The proposed amendment to the current lawsuit, the second of two, was filed in late October with the Orange County Superior Court on behalf of Barbara Joan McKnight, who continues to teach science at the high school. The judge is scheduled to decide the matter on Jan. 17, a month before McKnight’s suit is set for a jury trial.

The first lawsuit, ruled on last summer, contested the district’s action and alleged that McKnight should not have received an unprofessional conduct notice for an incident in December 2010. But Orange County Superior Court Judge Andrew Banks stated that McKnight’s defense did not present enough evidence to prove that the notice in her personnel file should be removed.
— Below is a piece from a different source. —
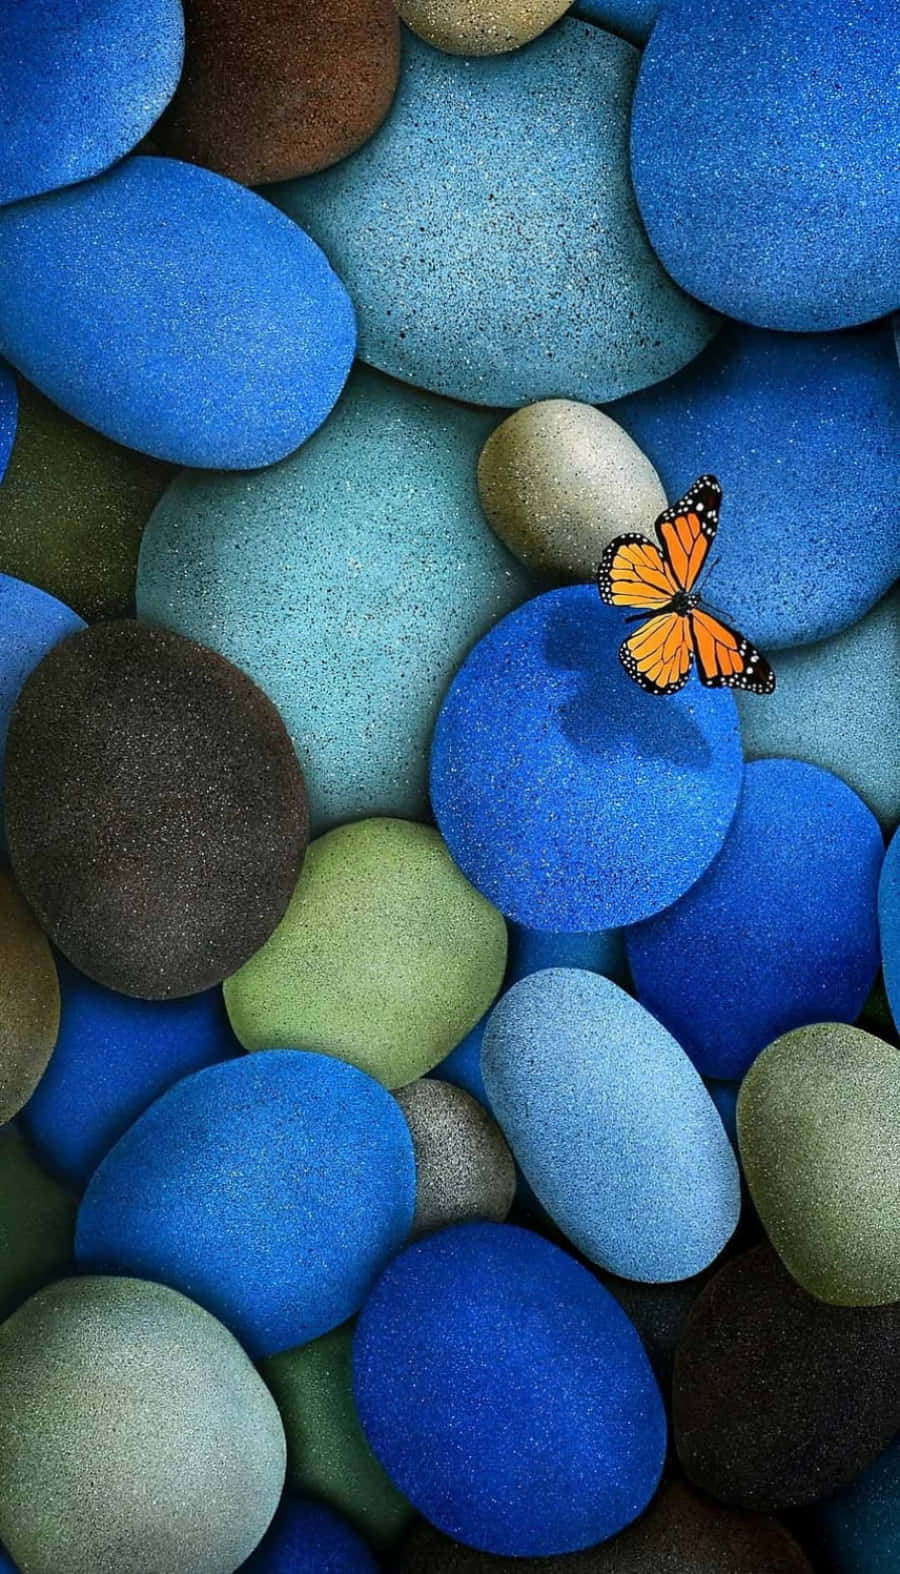 A Butterfly Is Sitting On A Blue Pebble

James Guziak of Anaheim Hills, McKnight’s attorney, said this week that the defamation motion is based on testimony concerning an unprofessional conduct notice issued McKnight.  The attorney claims the testimony describes a former principal telling other employees that McKnight was seen drinking in the parking lot and, when confronted, became aggressive and was sent home.  Guziak claims none of that is true.  “We said, ‘That’s defamation and we want that added to the lawsuit,’” he said Wednesday.

The district’s lawyers seemed unmoved by the new motion. “It’s all based on the same set of facts that happened in December of 2010, so that hasn’t changed,” said Cynthia Kole, an attorney assisting the district’s counsel, Daniel Spradlin of Woodruff, Spradlin and Smart of Costa Mesa.  “There isn’t like new facts that have suddenly come up.”

Kole claims that the closer the case gets to trial, the less likely a judge would agree to amend the complaint.

The district’s attorneys have requested that the case be dismissed but the court decided there were enough issues on both sides to warrant a jury trial, which is scheduled for late February, 2014.

Guziak said the judge’s earlier ruling does not reflect on his intended argument to refute the allegation that McKnight was intoxicated and deserved a professional reprimand.  Guziak said the judge had to find that the unprofessional conduct notice was issued in bad faith or as an abuse of discretion.  Guziak said that standard is difficult to prove.

Kole likened the court’s ruling that allowed the unprofessional conduct notice to remain in McKnight’s file to a reporter quoting someone who later didn’t like what they said or thought it would make others think badly of them.

“With defamation,” she said, “truth is always the defense. The law doesn’t recognize the harm when a reporter is writing the truth or when an employer is acting properly and issues some sort of discipline.”